Reviews are the second most important ranking factor for Google Business Profiles, and they are the factor you have the most direct influence over. Businesses with more reviews, higher average ratings, and recent reviews rank higher and convert more searchers into customers. Your review strategy should focus on three things: volume, recency, and quality. Volume: aim for significantly more reviews than your competitors. If the top-ranking plumber in your area has 80 reviews, you need to be working toward 100 or more. Every happy customer is a potential review. The businesses that dominate local search are the ones that systematically ask for reviews after every positive interaction. Recency: Google values fresh reviews. A business with 200 reviews but none in the last three months looks stagnant. Aim for at least two to four new reviews per week. Create a system that makes review requests a standard part of your post-service or post-purchase process. Quality: longer, more detailed reviews carry more weight than "Great service, 5 stars." When asking for reviews, gently encourage customers to mention specific details — what service they received, what they appreciated, and the outcome. Reviews that contain keywords relevant to your business (for example, "bathroom renovation," "emergency plumber," "wedding cake") help Google understand what you do and match you to relevant searches. Respond to every review — positive and negative. For positive reviews, a brief, personalised thank-you shows that you value your customers. For negative reviews, respond professionally, acknowledge the concern, and offer to resolve it offline. How you handle negative reviews tells potential customers everything they need to know about your business. Never buy fake reviews or offer incentives for reviews. Google is increasingly sophisticated at detecting fake reviews and will penalise your profile if they find them. Build your review profile authentically through genuine customer satisfaction.

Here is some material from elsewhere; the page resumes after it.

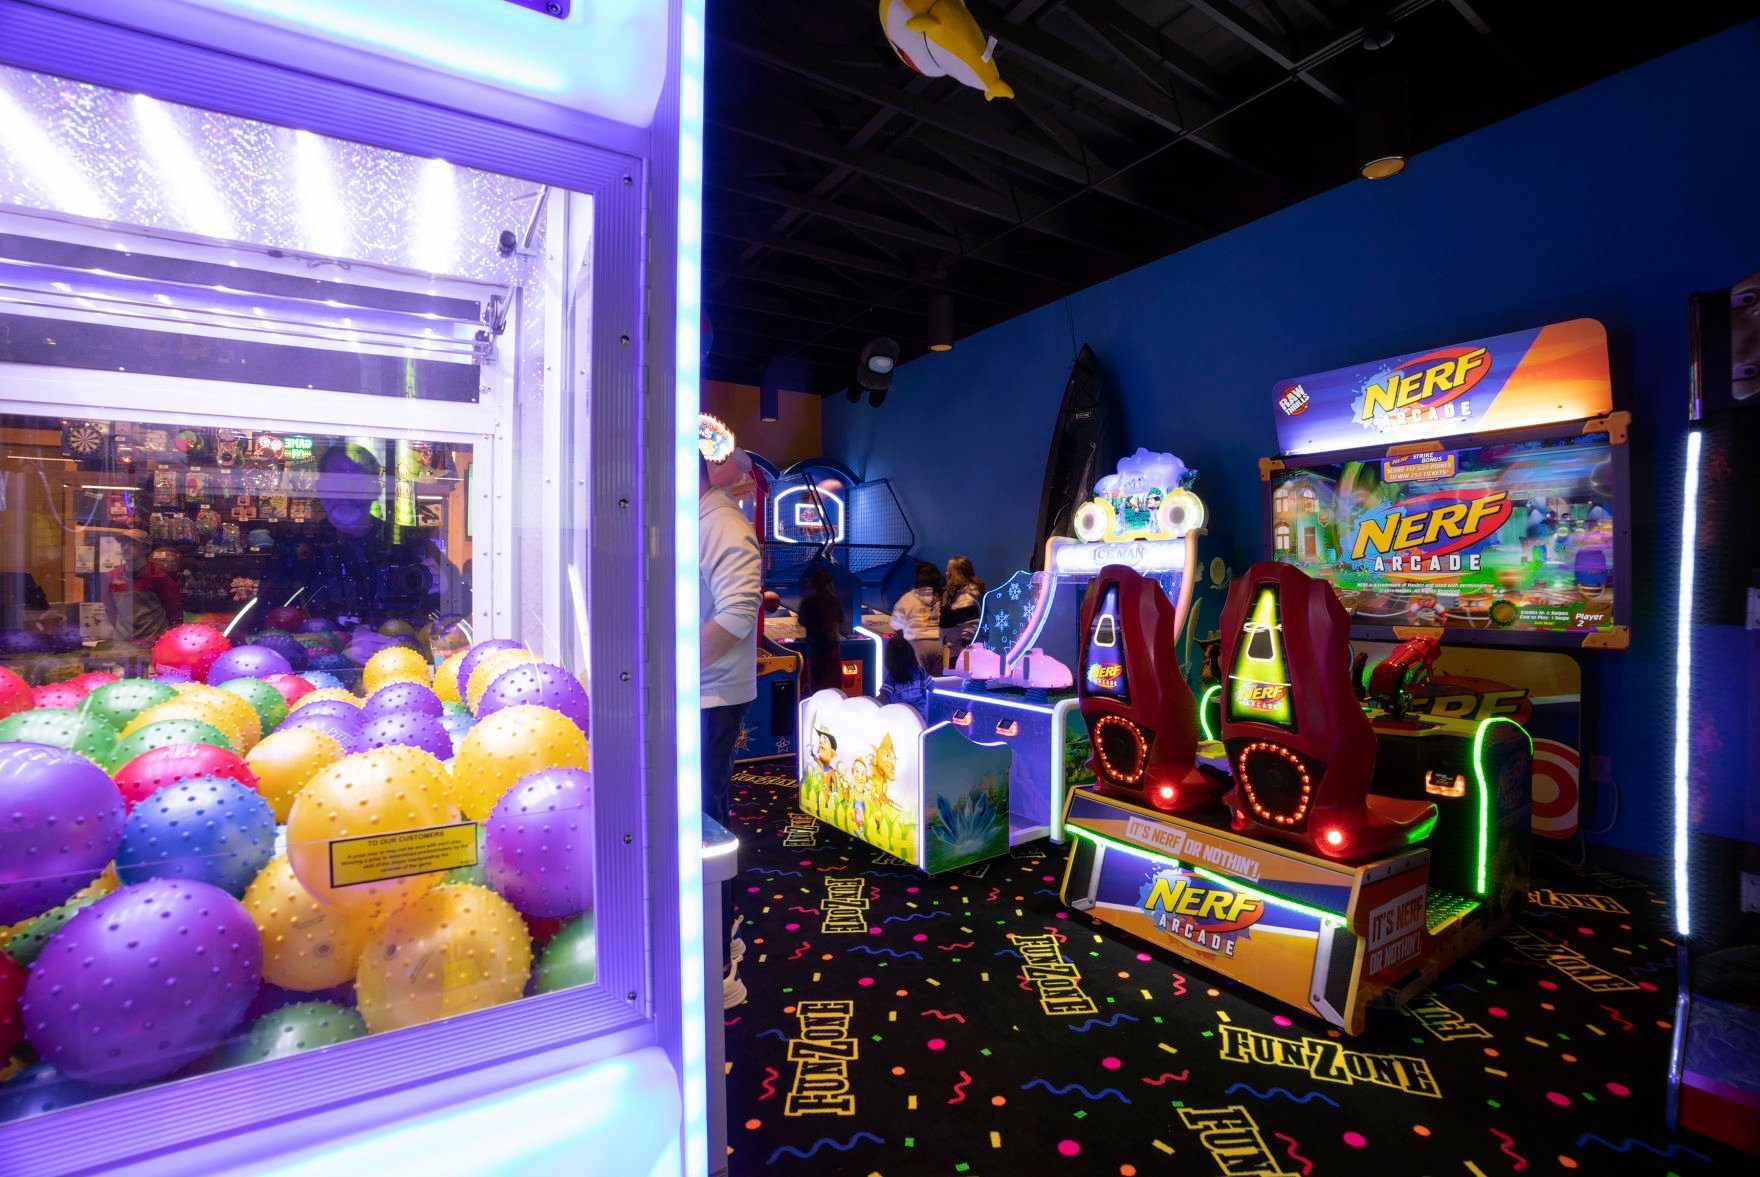 Interior of Pizza Ranch’s new FunZone arcade in Dubuque.    PHOTO CREDIT: Stephen Gassman

Google Posts, Q&A, and Ongoing Optimisation

Google Posts are a chronically underused feature that gives you a way to publish content directly to your GBP. Think of them as social media posts that appear in Google Search results. You can publish updates, offers, events, and product highlights. Post at least once per week. Share your weekly specials, upcoming events, seasonal offerings, or business updates. Include a strong image, a clear description, and a call-to-action button (Call, Book, Learn More, etc.). Google Posts expire after seven days, so regular posting is essential. The Q&A section is another opportunity most businesses ignore. You can proactively add and answer common questions about your business. Think about the questions customers ask you most often — your opening hours, whether you offer a specific service, your pricing structure — and add them to your Q&A. This provides useful information to potential customers and gives Google more content to index. Ongoing optimisation means regularly updating your profile with fresh photos, new posts, accurate business information (especially opening hours during public holidays), and responding to reviews promptly. Google rewards active profiles with higher visibility. Track your GBP performance through the Insights dashboard. Pay attention to the number of calls, direction requests, and website clicks your profile generates each month. These are high-intent actions from people actively looking for your services, and they should trend upward as your optimisation efforts take effect. For Adelaide businesses in competitive categories — hospitality, trades, health and beauty, professional services — a well-optimised Google Business Profile can be the difference between being found and being invisible. It is free, it is effective, and it is one of the highest-return marketing activities available to any local business.